*** Collected data Section Begins ***
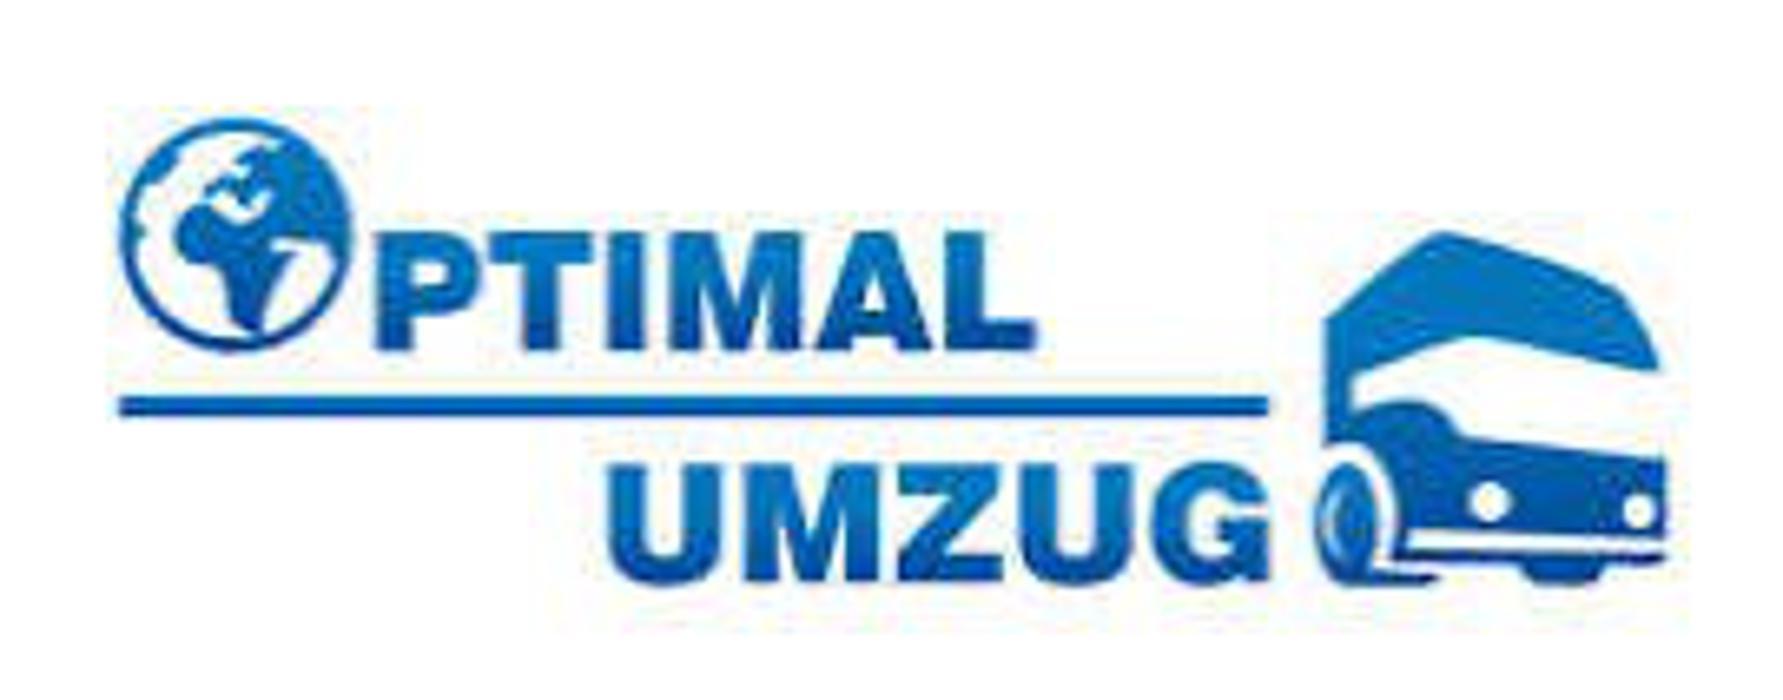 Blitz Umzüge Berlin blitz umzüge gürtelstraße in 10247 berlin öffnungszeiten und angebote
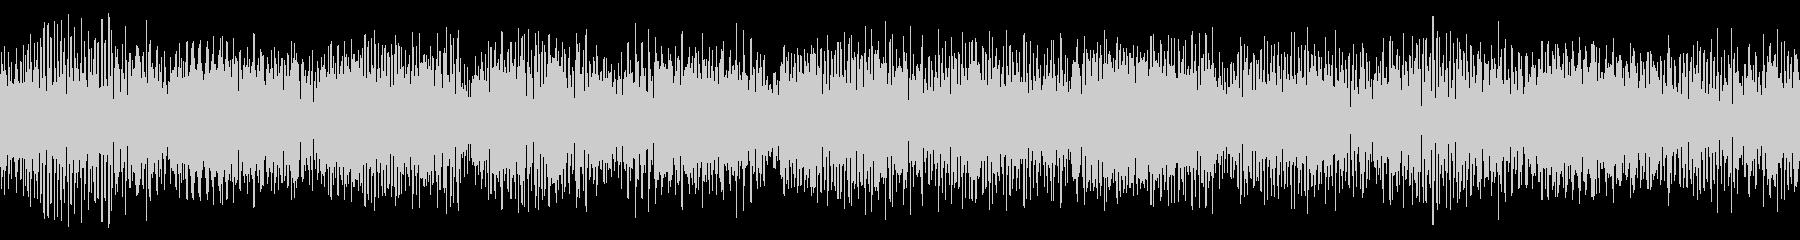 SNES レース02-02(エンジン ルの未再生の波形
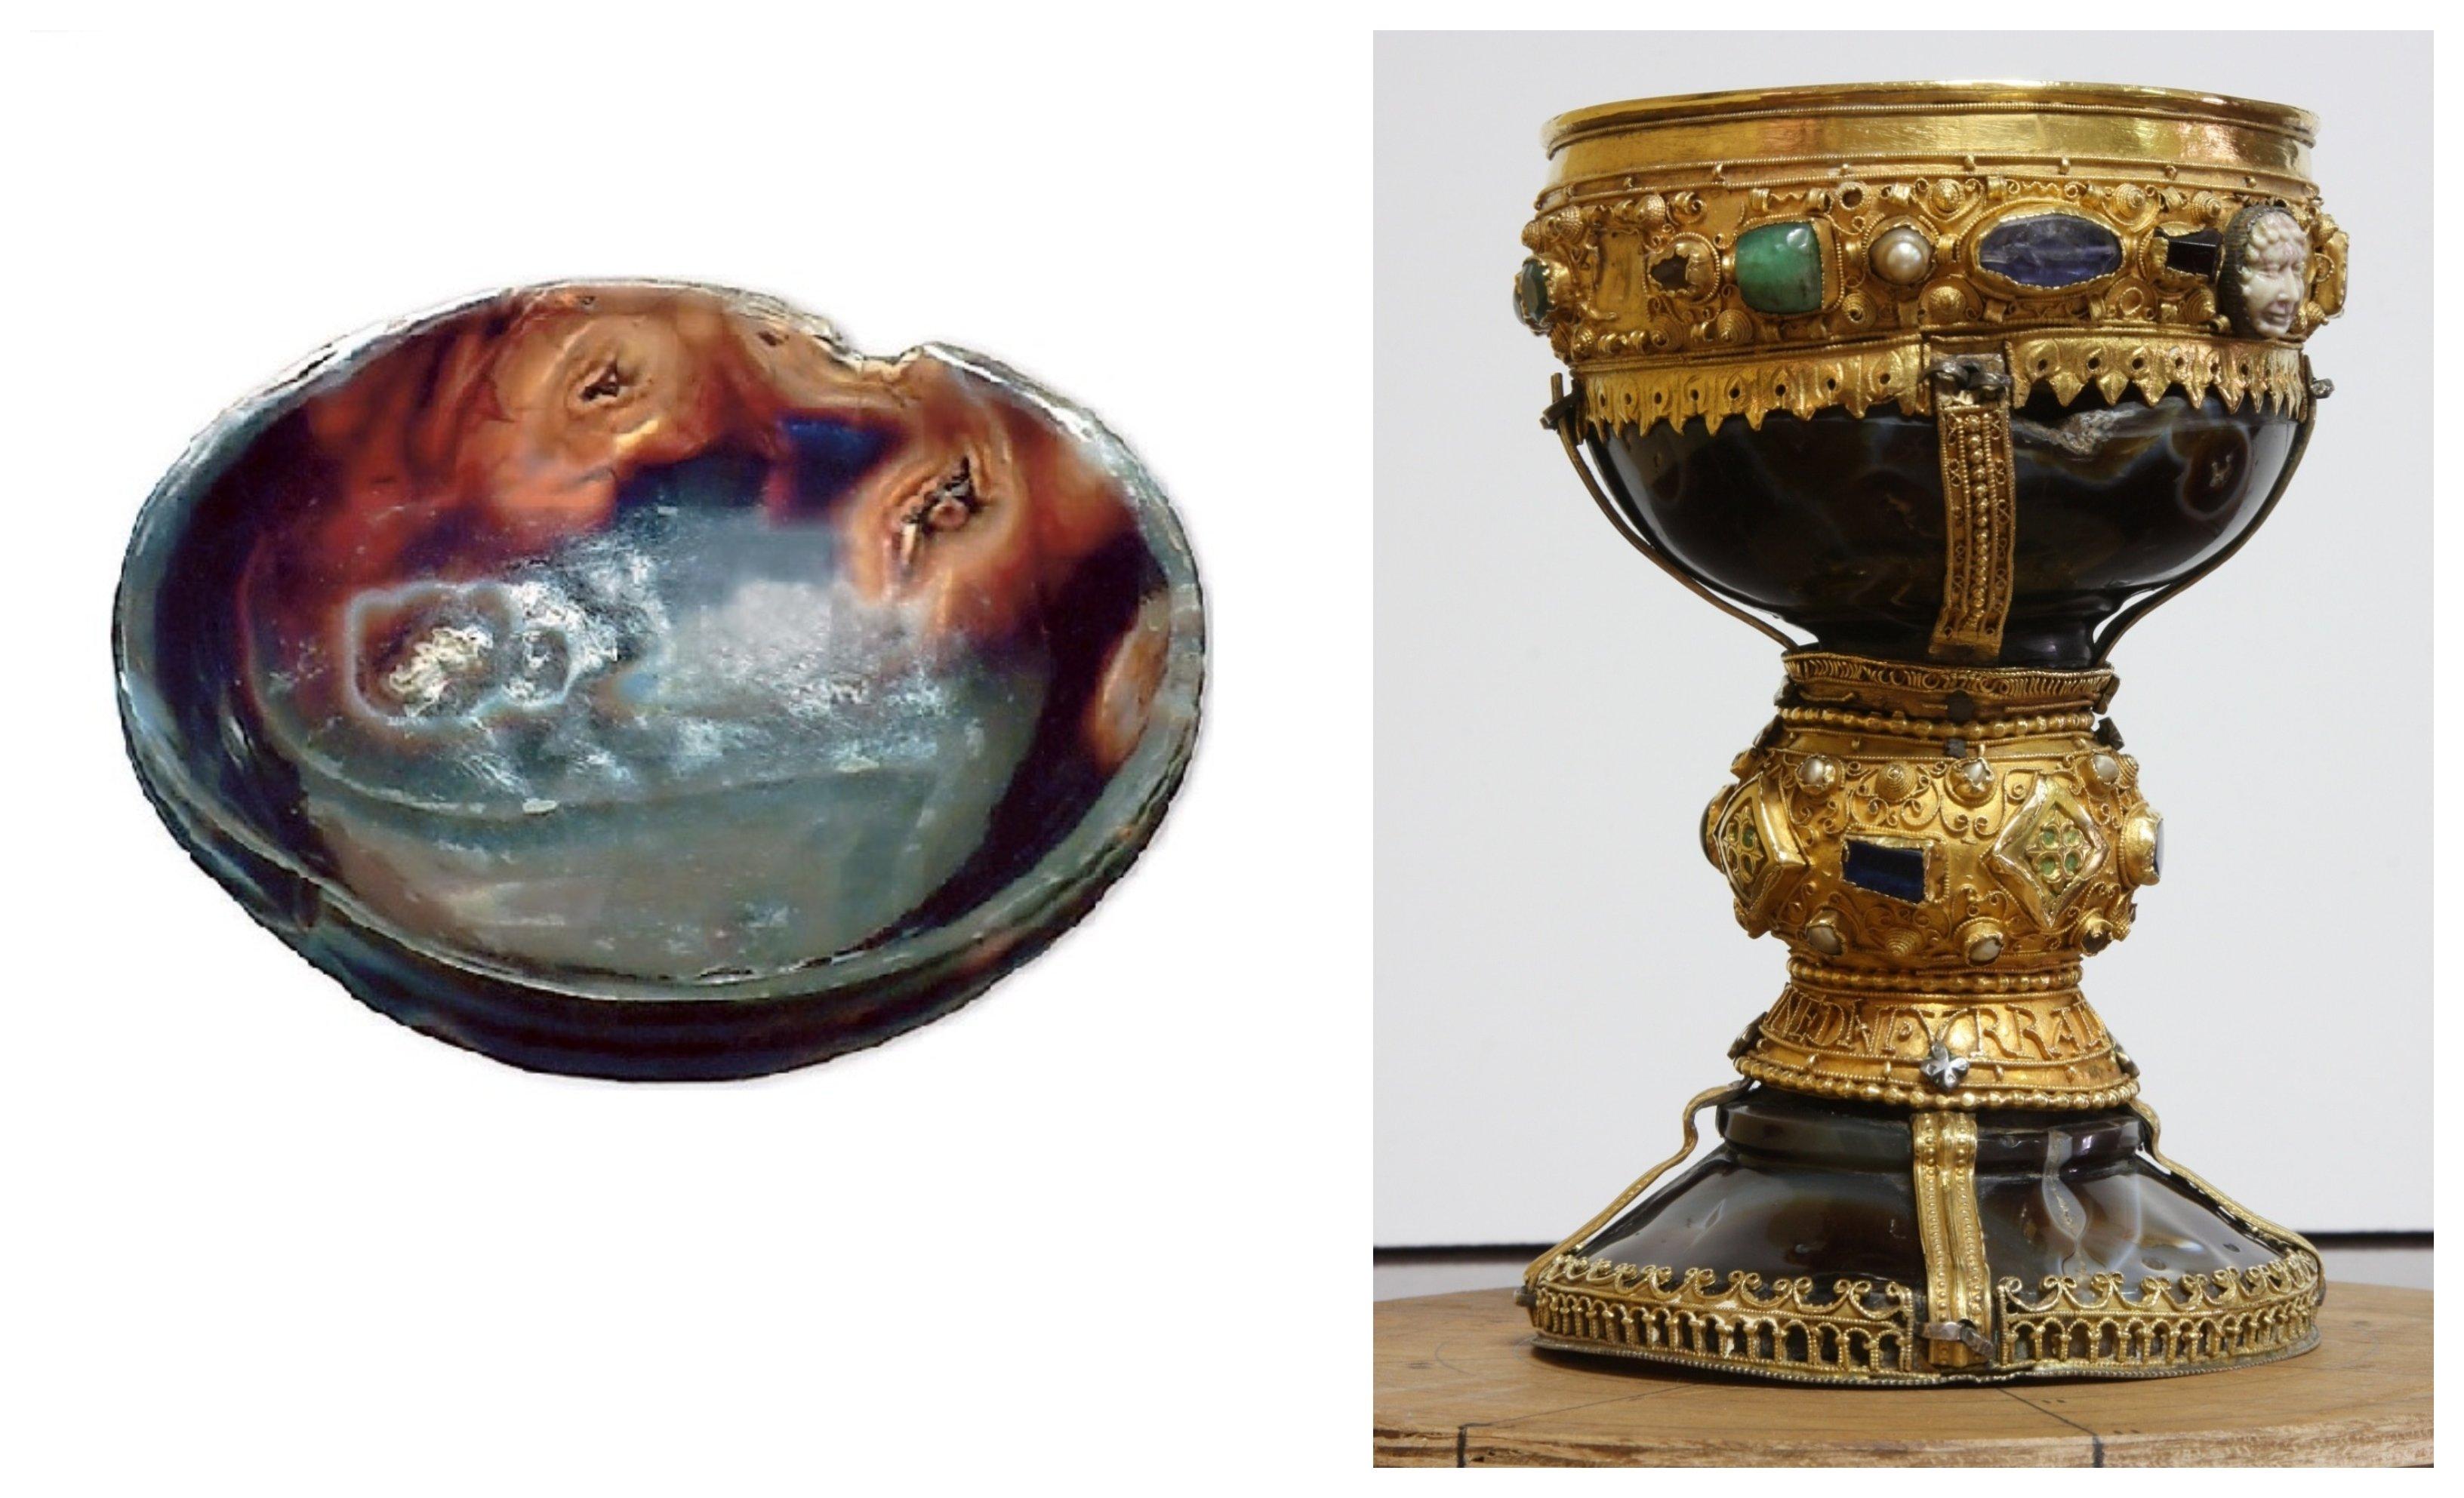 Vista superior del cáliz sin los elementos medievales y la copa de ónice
*** Collected data Section Ends ***
Exercise:
Transcribe the material as is, with images omitted.

Task response:
 Blitz Umzüge Berlin blitz umzüge gürtelstraße in 10247 berlin öffnungszeiten und angebote
 SNES レース02-02(エンジン ルの未再生の波形
 Vista superior del cáliz sin los elementos medievales y la copa de ónice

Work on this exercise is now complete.